Al Ahali, also known as Al Ahaly, (Arabic: The Masses) is an Arabic daily newspaper published in Cairo, Egypt. The paper has been in circulation since 1978 and is the official media outlet of the National Progressive Unionist Party

History and profile
Al Ahali was first published in February 1978. It is the organ of the National Progressive Unionist Party which is also the publisher of the daily. The founder of both the paper and the party was Khalid Mohieddin. Dilip Hiro who is an expert on Middle Eastern, Islamic, and central Asian affairs argues that Al Ahali is much more popular than the National Progressive Unionist Party. In 1989 Al Ahali sold nearly 100,000 copies.

Political stance and bans
Al Ahali has a leftist stance and was the major critic of the Sadat rule. Immediately after its start the paper was temporarily shut down by the Egyptian government.
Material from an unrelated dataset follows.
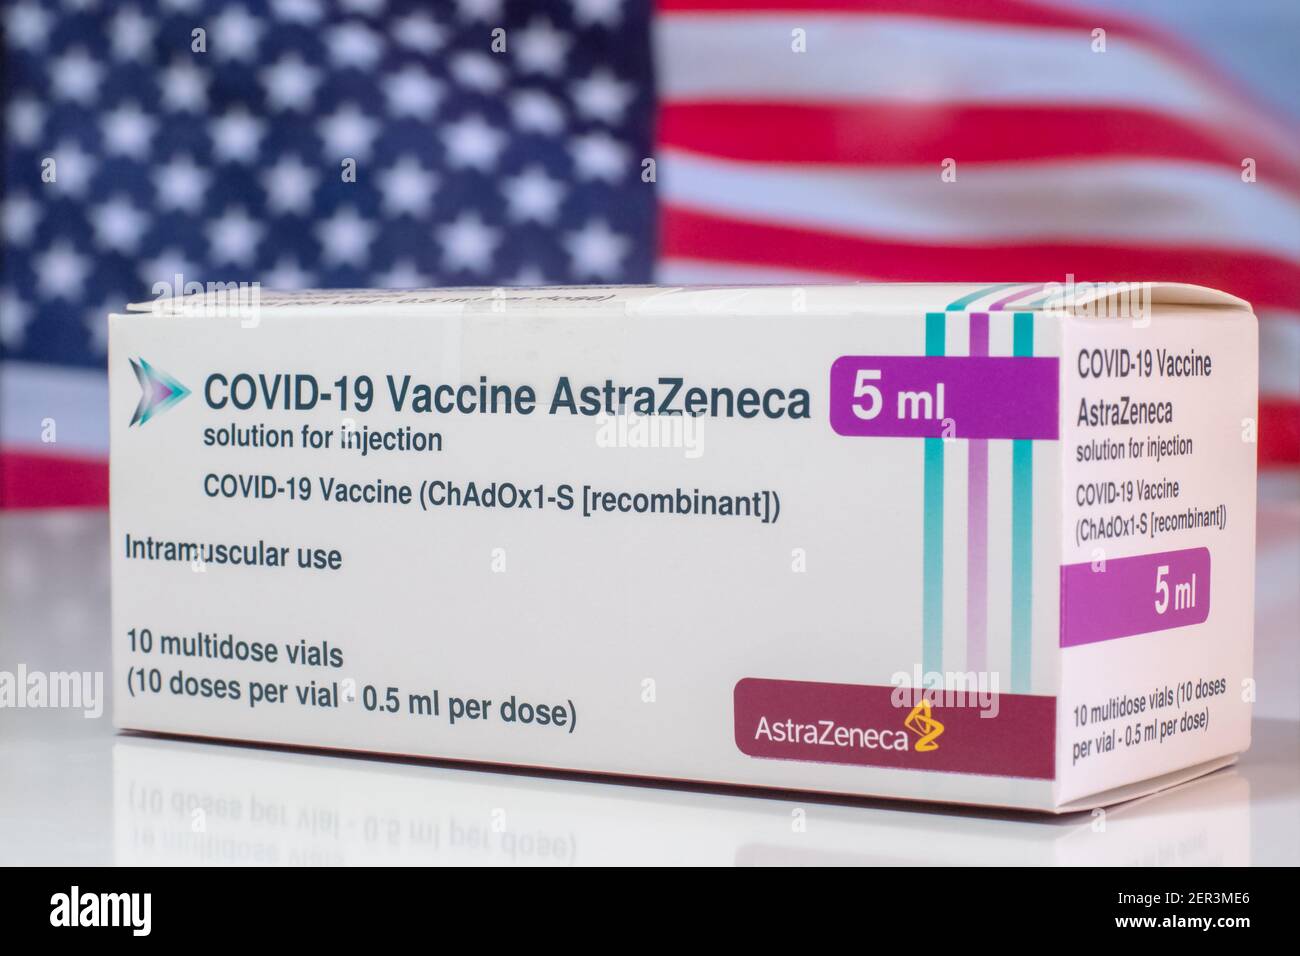 AstraZeneca vaccine for preventing COVID 19 disease. United States flag. Worldwide pandemic vaccination with the Astra Zeneca vaccine Stock Photo

In addition, it came across numerous bans, and its offices were attacked by the Egyptian forces during the Sadat rule. Its critical approach continued during the rule of Hosni Mubarak, Sadat's successor.

Content and contributors
Al Ahali was critical of Iranian ruler Shah Mohammad Reza Pahlavi. The paper is the sole Egyptian publication which correctly interpreted the mass demonstrations in Iran in 1978 predicting that these demonstrations were the forerunner of the revolution. In addition, it is the first Egyptian newspaper which published an interview with Ayatollah Khomenei before the revolution in 1979. The daily was among twelve newspapers protested the Islamist-drawn constitution in December 2012. 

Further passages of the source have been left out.